Displayed alongside Agassi's works are works by Kramer, Lipski and Strauss, which are attributed to the times and places in which their biographies are anchored. As such, they enabled Agassi to represent various aspects of his artistic desires and passions. Kramer's body of works is mostly composed of drawings - a medium which gave expression to a range of influences and artistic styles. Lipski's text works are related to conceptual art and to her work as a photographer and collector. The poem dedicated to her by Agassi, "The Mind is a Beautiful Museum," is stamped with the museum stamp and is thus clearly an artwork. Strauss' body of works, meanwhile, enabled Agassi to experience a sense of unbridled artistic liberty as a true "outsider," a position with which he was deeply identified.  

 

Souvenirs

Like every museum, the "Meir Agassi Museum" has a souvenir shop. Agassi wrote that among the goals of his museum are the study and development of its collections, collaborations with artists and other institutions, the publication of scholarly texts and the exposure of the artworks to the public at large.
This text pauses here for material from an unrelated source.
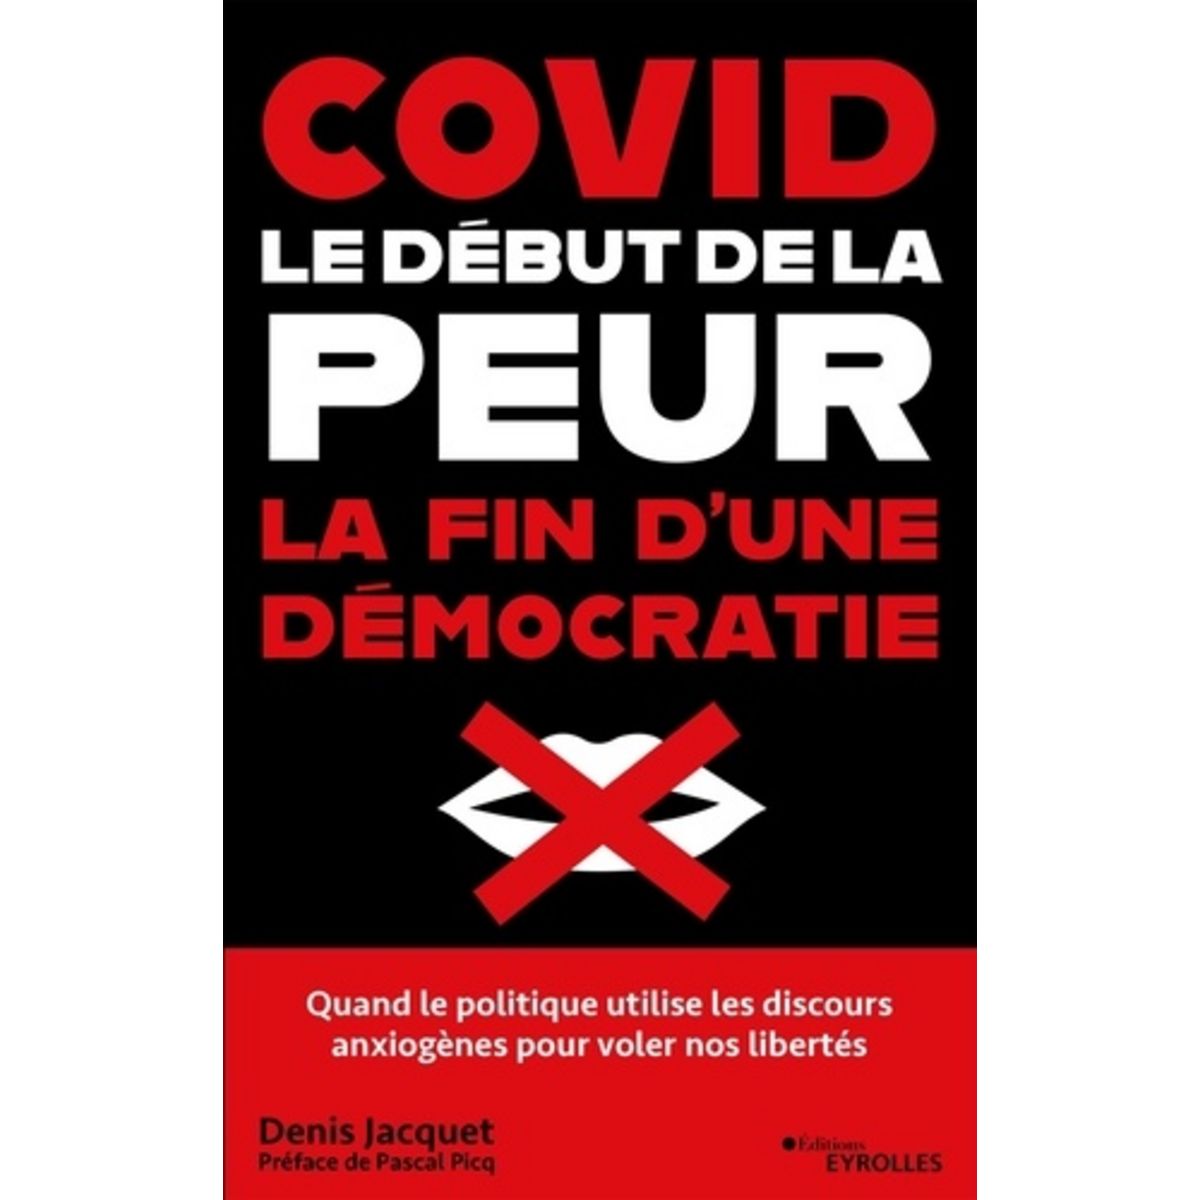  COVID : LE DEBUT DE LA PEUR, LA FIN D'UNE DEMOCRATIE. COMMENT LES DISCOURS ANXIOGENES ONT FAIT TOMBER L'ESPRIT DE LIBERTE, Jacquet Denis

He argued that the museum "should produce and sell its own souvenirs, its own products, with its own logo and slogan inscribed or stamped, engraved, marked, or printed on it." For him, an absence of advertising for museum exhibitions and installations contradicted the internal logic of the museum institution, whose role is to define a canon and shape historical memory.

 

Agassi worked vigorously to realize his museal vision, including the production of dozens of objects for the museum store: various-sized memory boxes, original artworks, numbered series, posters, catalogues, reproductions, envelopes, postcards, photographs, diaries and more. When it came to these products, Agassi himself was the graphic designer, typographer, editor and writer. "To buy souvenirs from Meir Agassi Museum would be great fun!" he wrote in one of his notes.